[Date Prev][Date Next][Thread Prev][Thread Next][Date Index][Thread Index]

Re: [Condor-users] Getting closer with Parallel Universe on Dynamic slots



On Fri, Nov 25, 2011 at 01:12:01PM +0100, Lukas Slebodnik wrote:
> On Fri, Nov 25, 2011 at 12:14:19PM +0100, Steffen Grunewald wrote:
> > ... but still no cigar.
> >
> > The setup consists of 5 4-core machines and some more 2-cores machines.
> > All of them have been configured as single, partitionable slots.
> > Preemption is forbidden completely.
> > The rank definitions are as follows:
> > RANK = 0
> > NEGOTIATOR_PRE_JOB_RANK = 1000000000 + 1000000000 * (TARGET.JobUniverse =?= 11) * (TotalCpus+TotalSlots) - 1000 * Memory
> >
> > I'd expect this to favour big machines over small ones (for Parallel jobs),
> > and partially occupied ones over empty ones.
> >
> > What I see with the following submit file, is quite different:
> >
> > universe   = parallel
> > initialdir = /home/steffeng/tests/mpi/
> > executable = /home/steffeng/tests/mpi/mpitest
> > arguments  =  $(Process) $(NODE)
> > output     = out.$(NODE)
> > error      = err.$(NODE)
> > log        = log
> > notification = Never
> > on_exit_remove = (ExitBySignal == False) || ((ExitBySignal == True) && (ExitSignal != 11))
> > should_transfer_files = yes
> > when_to_transfer_output = on_exit
> > Requirements = ( TotalCpus == 4 )
> > request_memory = 500
> > machine_count = 10
> >
> > (mpitest is the ubiquitous "MPI hello world" program trying to get rank and
> > size from MPI_COMM_WORLD)
> >
> > - if I leave the Requirements out, the 10 MPI nodes will end up on the big
> > 5 machines (one per machine) plus 5 small ones
> If you did not specify request_cpus, then default value (1) will be used.

Yes.
I cannot specify "request_cpus=4" as this would let my jobs idle if the big nodes
were taken by someone else.
And AFAICT, there's no "request_cpus=all" or "request_cpus=TARGET.TotalCpus".
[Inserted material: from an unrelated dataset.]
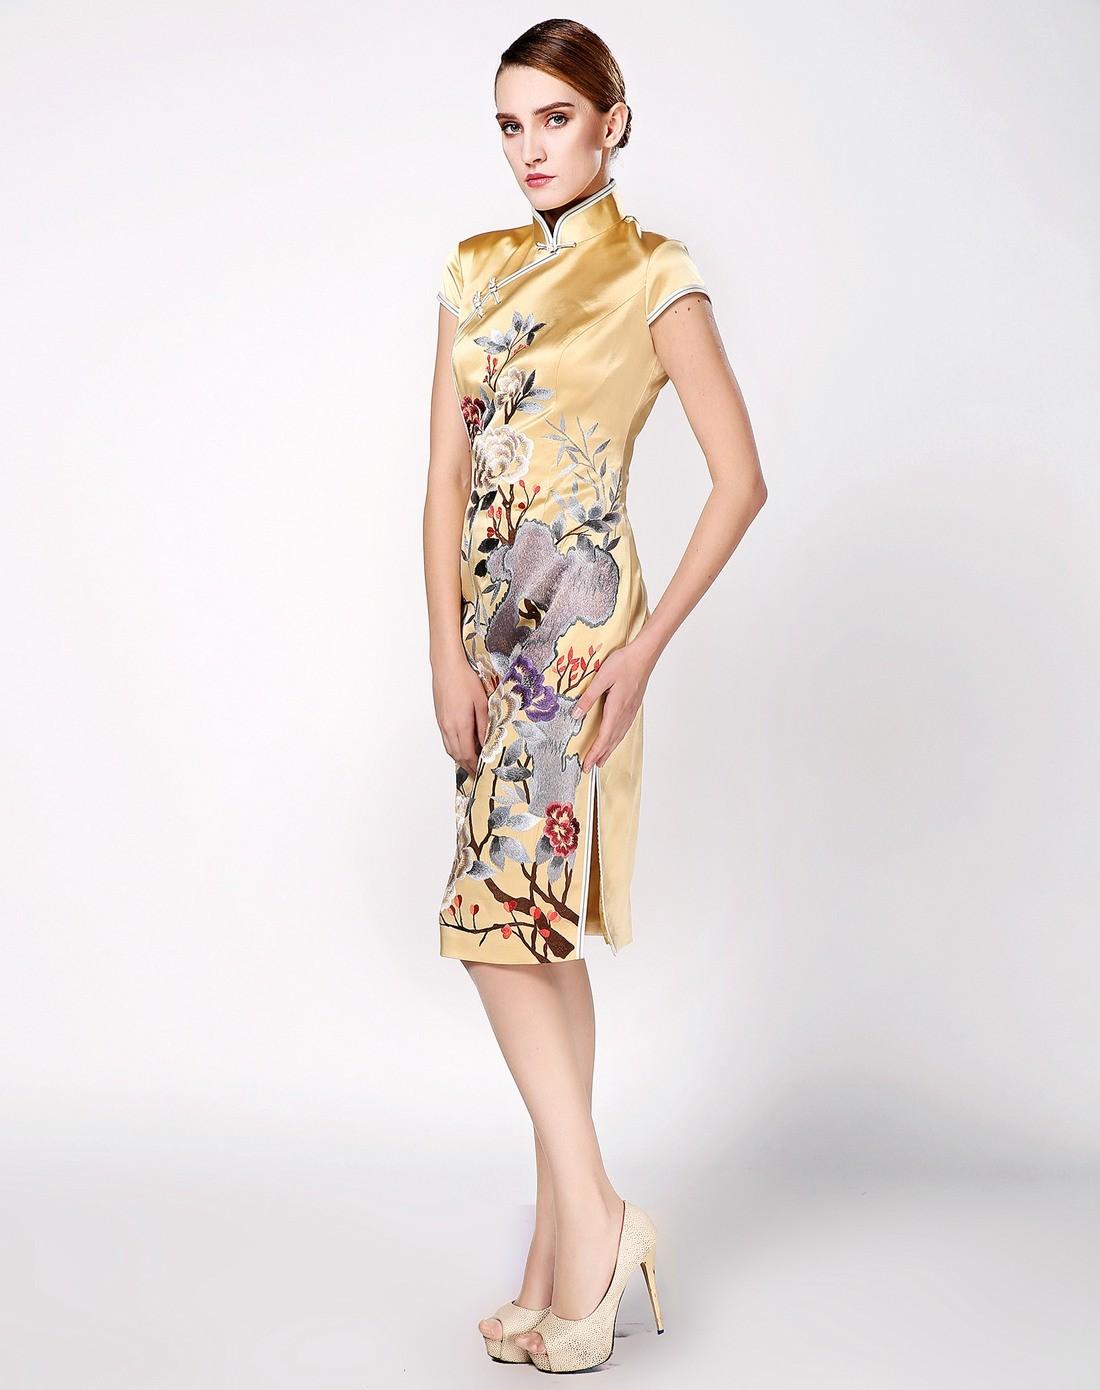 女款黄色绣花手工制作真丝旗袍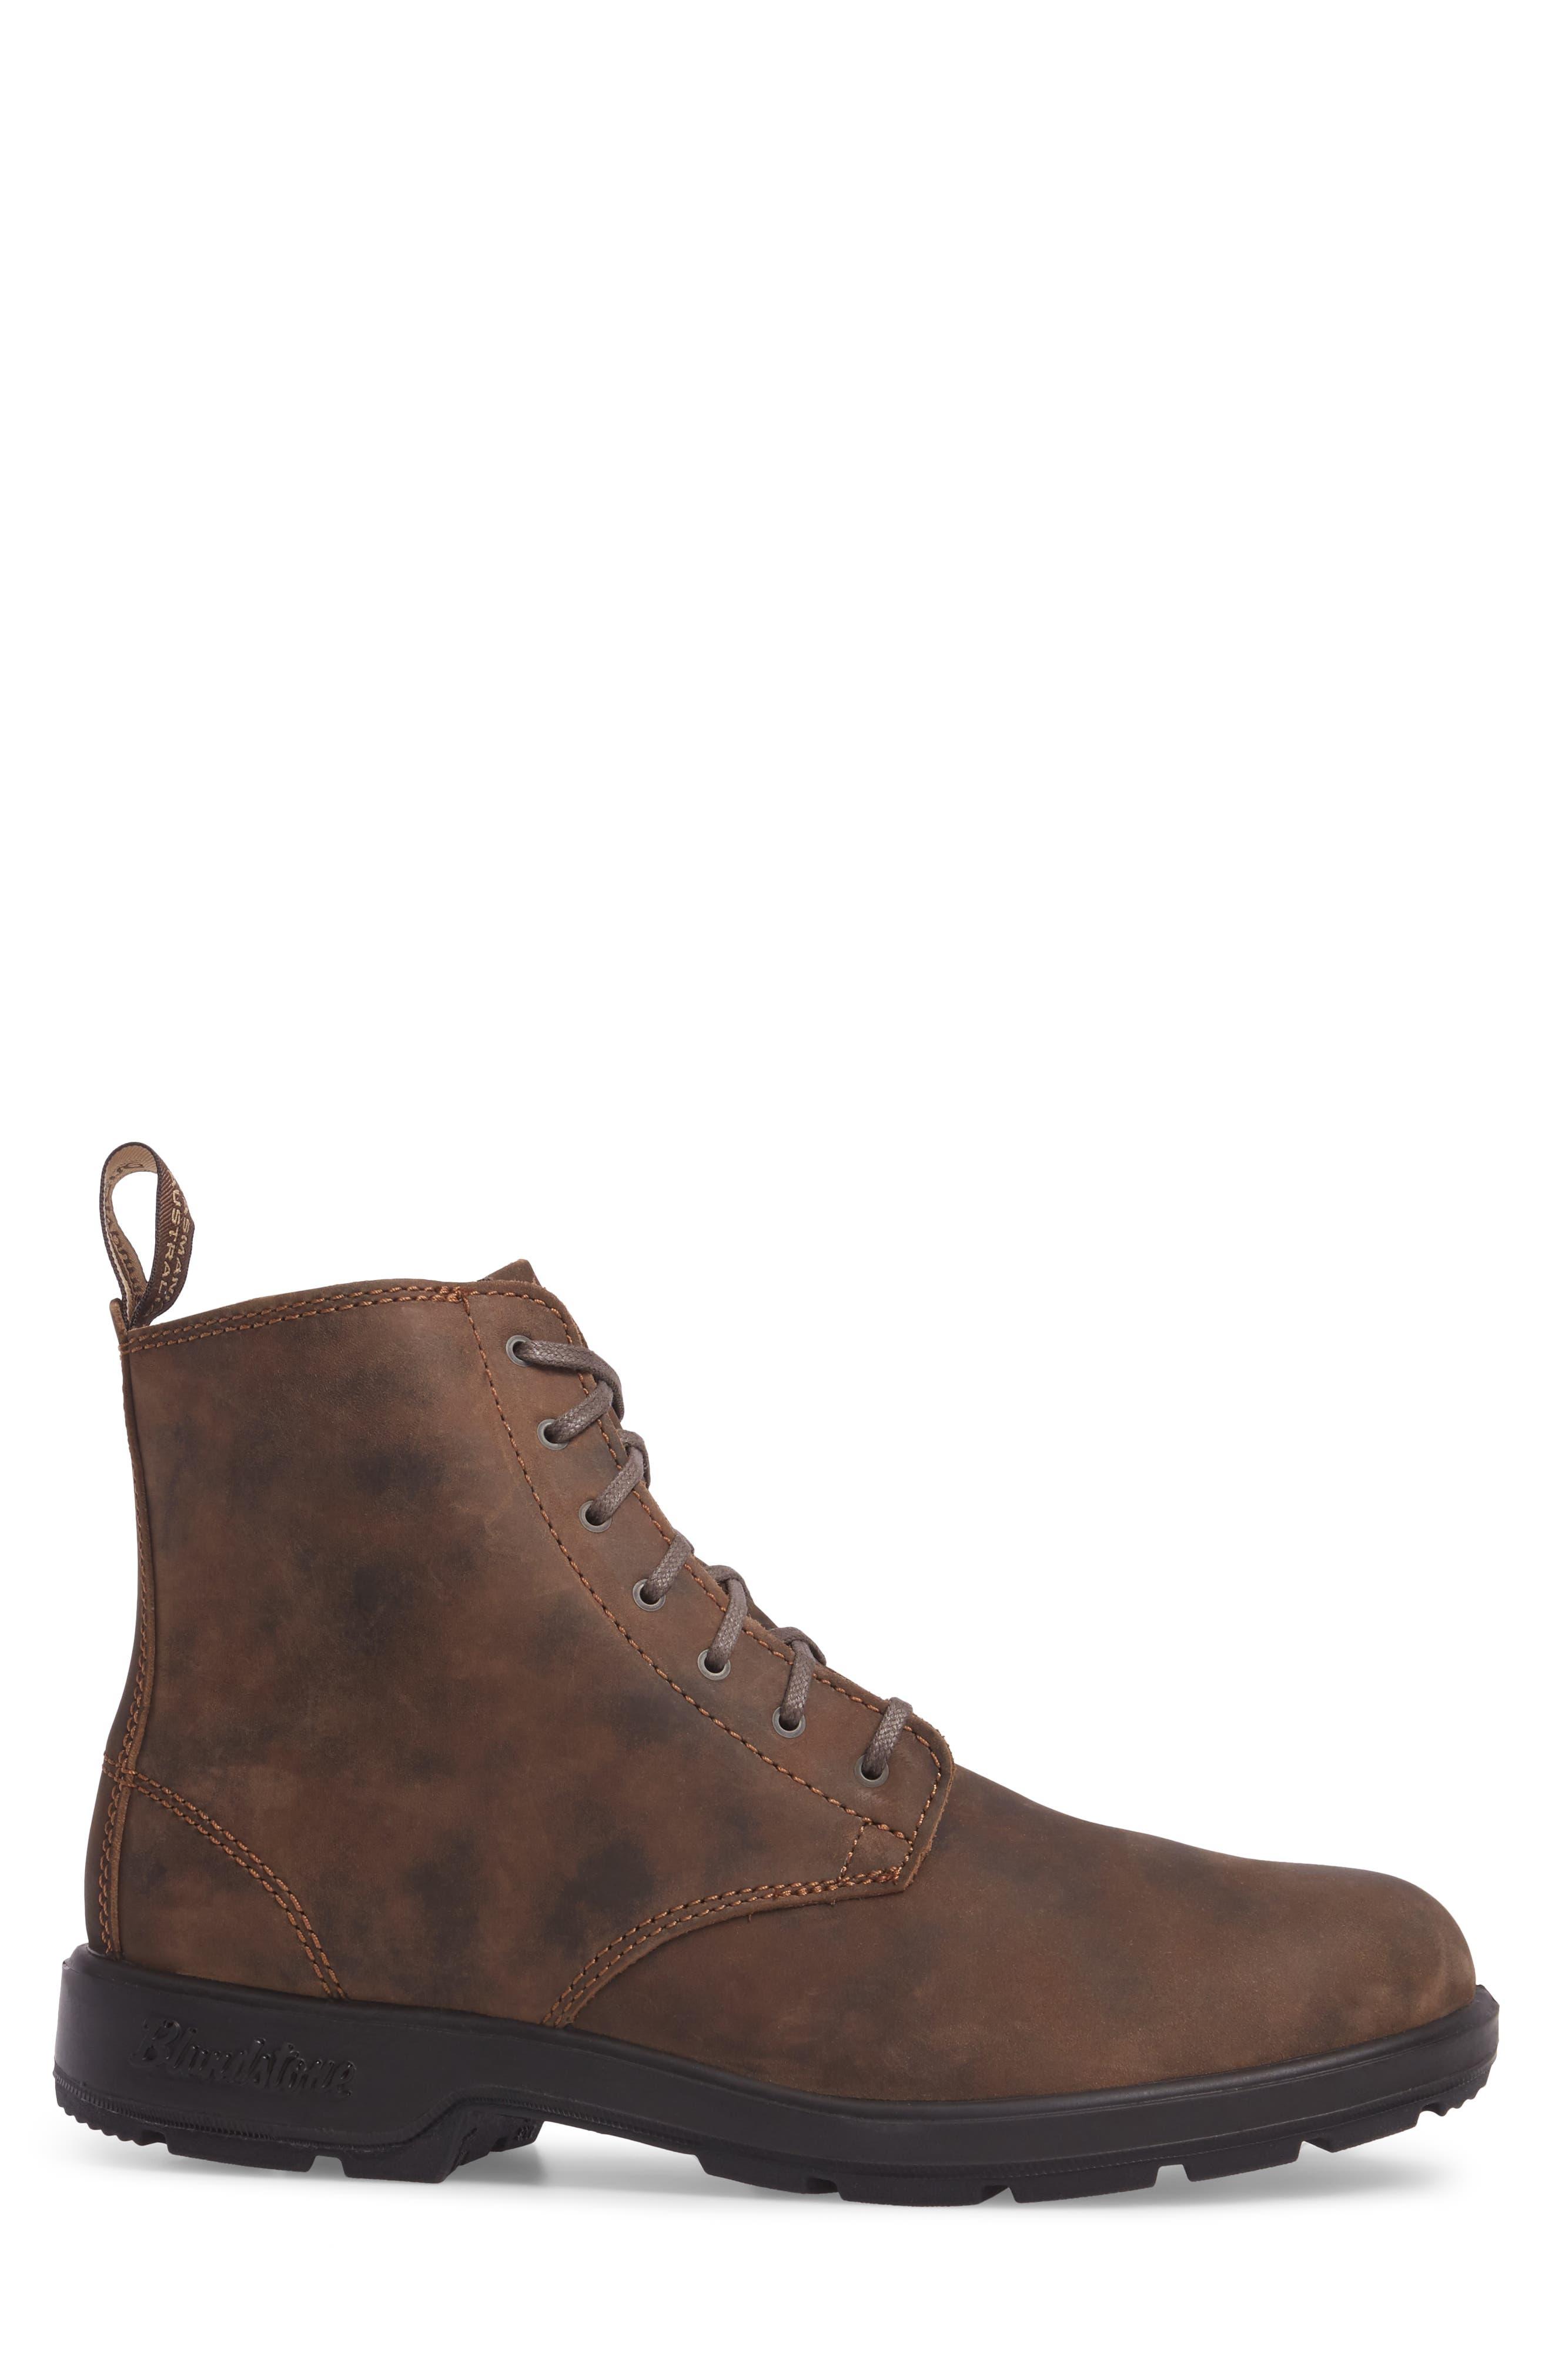 Original Plain Toe Boot,                             Alternate thumbnail 3, color,                             Rustic Brown Leather

Specifying "request_cpus=4" together with "machine_count=16" results in the job
being forever idle - as there are no 16 *times* 4 cores available. There are only
five machines like that.

The code is pure MPI, no OpenMP (and the "real" code will probably never learn of
OpenMP)- and therefore each MPI node is single-threaded, right? 

> I suppose, that there isn't any others jobs. At the beginning of negotiation 
> cycle you have only partitionable slots. According to NEGOTIATOR_PRE_JOB_RANK 
> slots with 4-cores will have higher priority. This is what you exactly want.
> But you don't specifies request_cpus, therefore only ONE core will be stoled
> from Partitionable slot(slot1@xxxxxxxxxxxxxxx) and new dynamic slot
> (slot1_1@xxxxxxxxxxxxxxx) will be created. I the same negotiation cycle 
> there is also 2-cores partitionable slot available. The same process will occur
> with 2-cores slots.
> 
> Result: 10 new slots will be created (5 on big machines and 5 on small machines)
> 
> > - with the Requirements set as above, each of the big machines will run
> > exactly two nodes instead of 4+4+2+0+0
> Like previous case, but in first negotiation cycle 2-cores partitionable slots
> will not be considered because of own job requirement. In the next negotiation
> cycle "4-cores" partitionable slots contains only 3 Cpus, but TotalCpus will
> be always equal to 4. Therefore in next negotiation cycle another 5 dynamic
> slots from "4-cores" partitionable slot will be created 
> (with name slot1_2@xxxxxxxxxxxxxxx).
> 
> Result: Each big machines have two slots(nodes).
> 
> I think that my explanation will help you.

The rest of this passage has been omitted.